Narrative EssayBrother's Death
It was Monday, a school day. Waking up by the morning light with the thick coffee aroma filling the room, I yawned but was still lying down because of my laziness. I could feel the tender, warm sun wrapping around me. I stood up, nearly tumbling from the loss of balance and dressed for the last day of school. It was a long, hot walk to school.
After school, my friend Linda and I sat at her kitchen table, drinking fresh lemonade, listening to Linda's mom joke about how nervous Linda was about doing well in her final exams. Afterward, we planed to walk to the mall, and then watch a movie. Shortly, we were interrupted by a phone call from my cousin Noreen. I assumed she was calling to check up on the latest news about my baby brother.

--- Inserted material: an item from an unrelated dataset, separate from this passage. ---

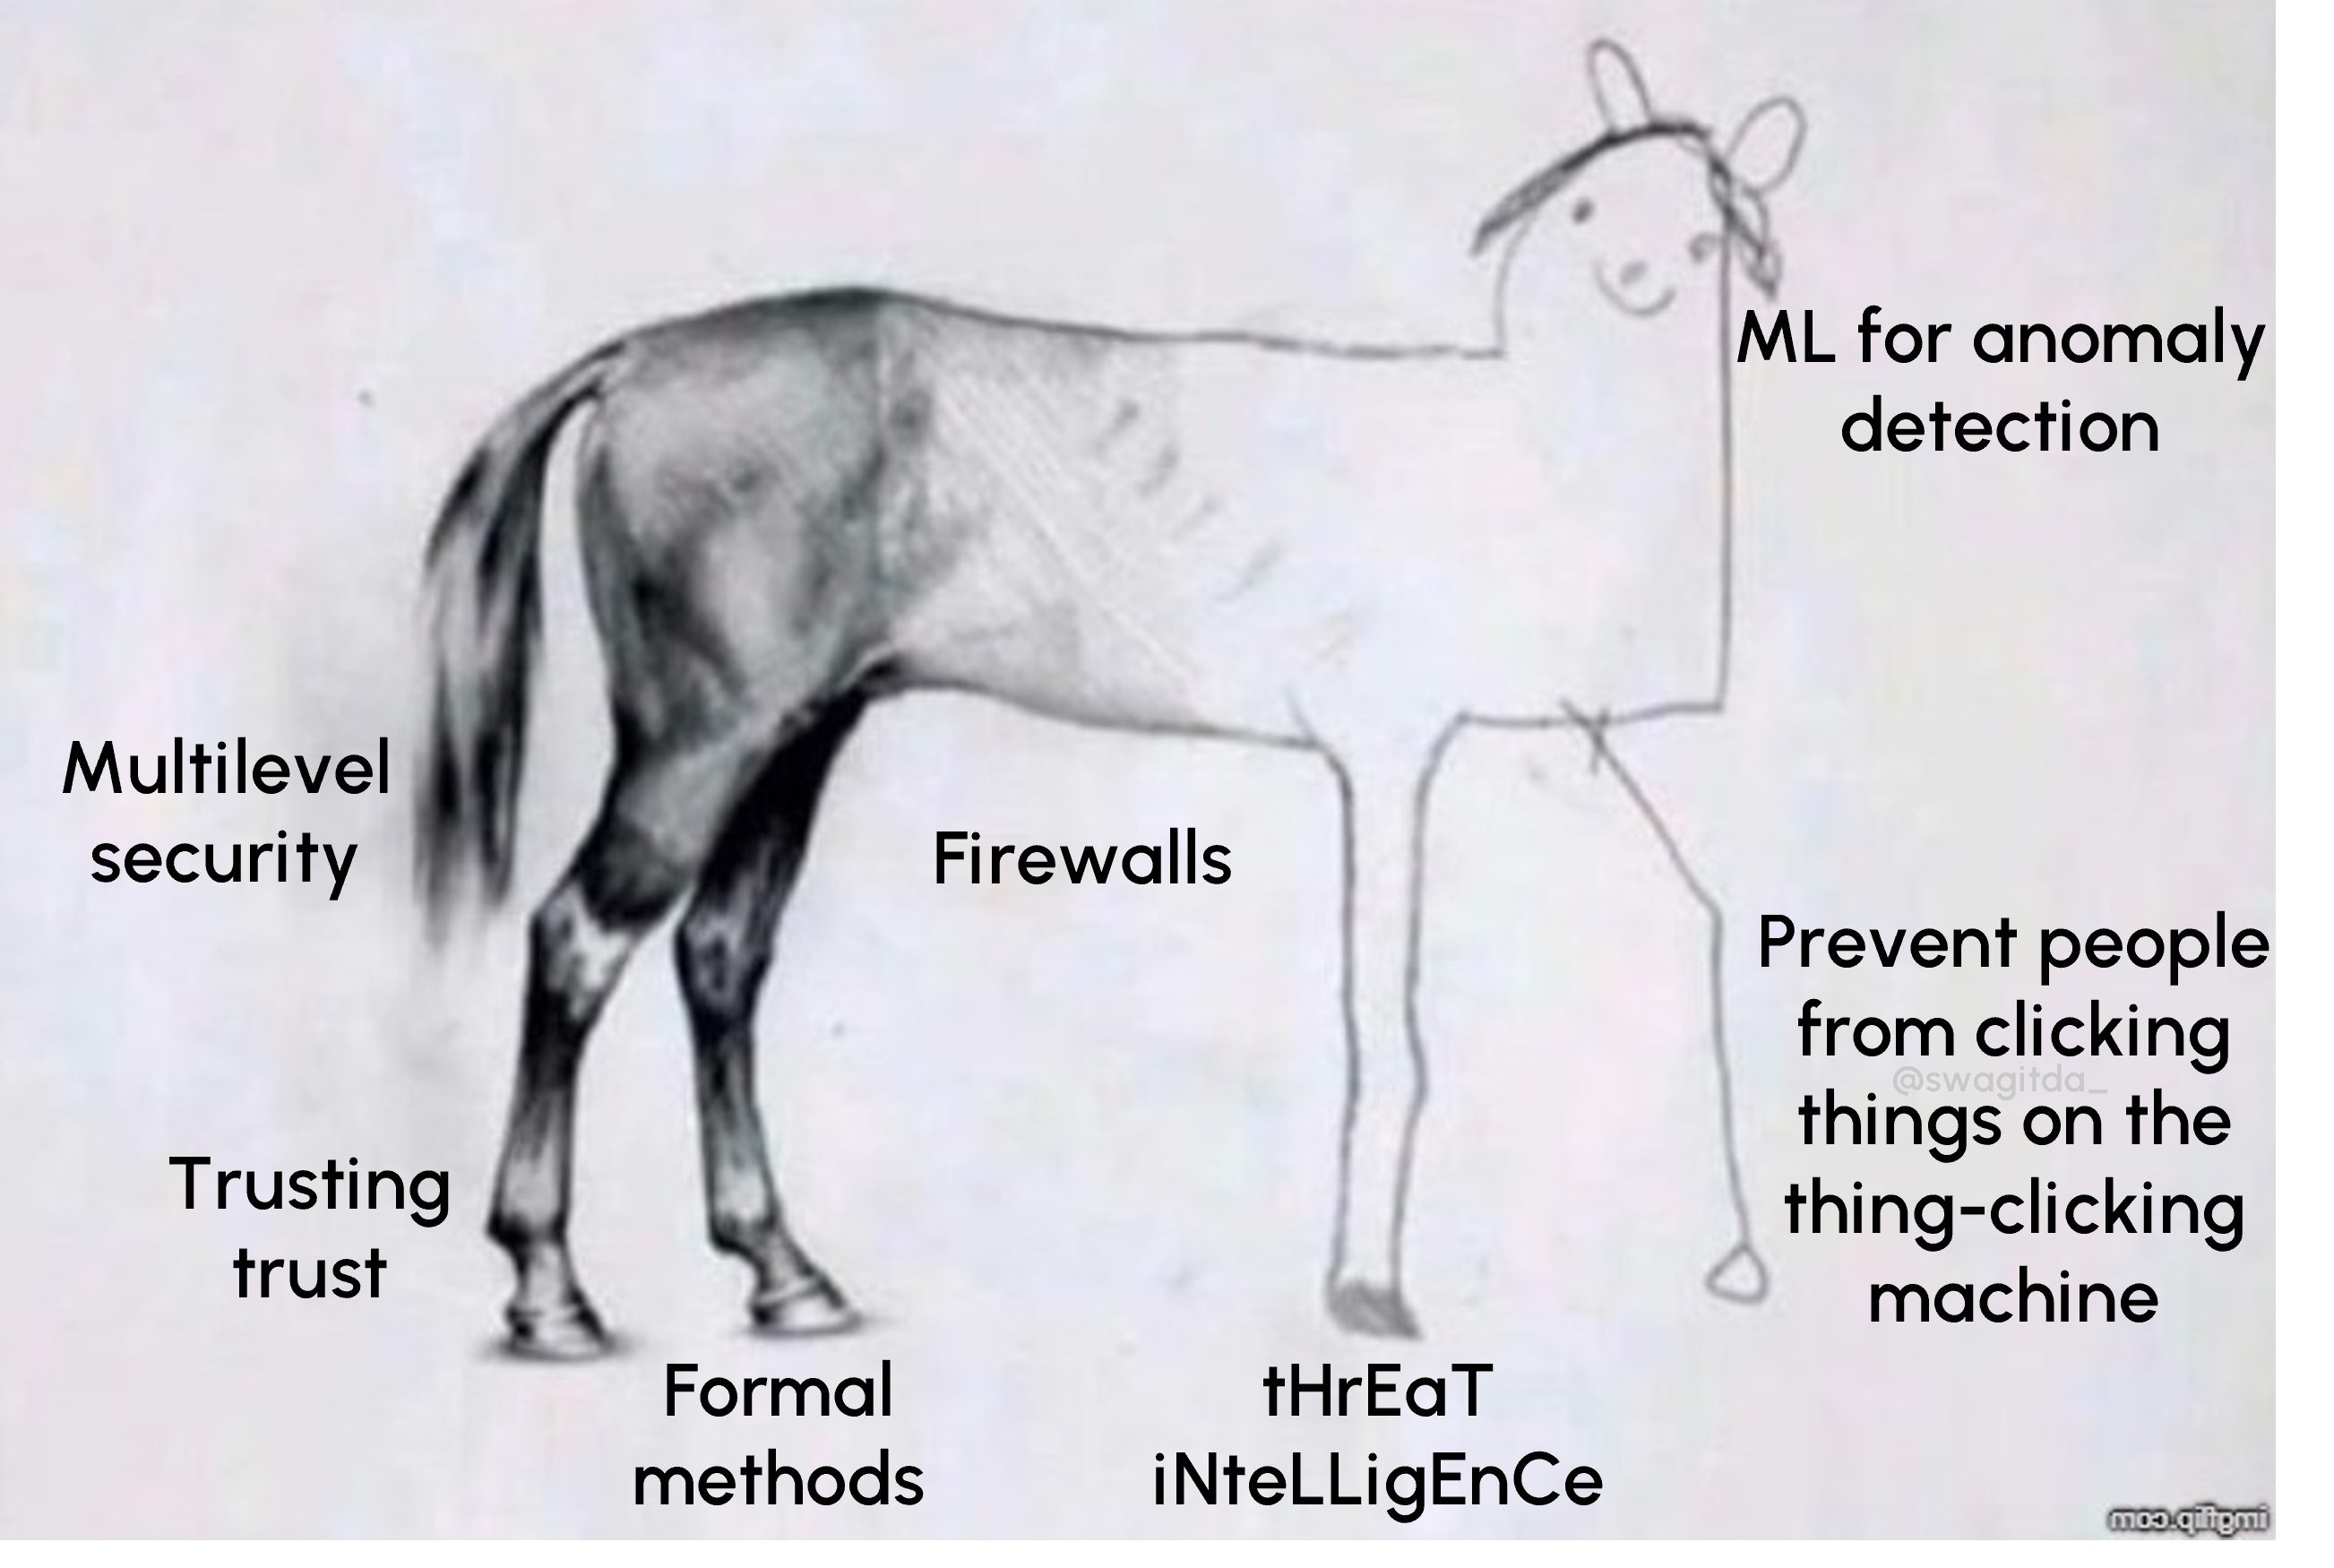 The horse sketch meme adapted by yours truly to illustrate the sad intellectual decline of the cybersecurity industry. The well-drawn end of the horse starts with the labels multilevel security, trusting trust, and formal methods. As the drawing gets progressively worse, the labels are firewalls, threat intelligence, and, once we reach the level of stick figure, the labels are machine learning for anomaly detection, and “prevent people from clicking things on the thing-clicking machine."

Noreen proceeded to tell me that the ambulance had come and taken my baby brother. The horror began. I tearfully asked, "Is he ok?" With hesitancy and a sorrow filled voice she said, "He's dead". I screamed over and over again, "No, no, not my brother! Anyone but him!" and I broke down, crying.
I felt as if I was paralyzed, I felt like I was suffocating; as if a giant hand was clamped around my heart. I had a blank look on my face. Afterward, my family and some friends came for the funeral. I was standing in the middle of the family room, as the words "He's dead" pierced my heart like daggers of ice. I started crying in disbelief and then, ran to my mother's room screaming and yelling. The realization that I would never see him again painfully struck me.
It was hectic after my brother's death. It took my mom and me 2 years to get through a day without crying. The grief of losing a brother is something no one understands unless they have experienced it. It is amazing how many things we take for granted. We make plans for the day, and do not think twice about how those plans can be taken away in the blink of an eye.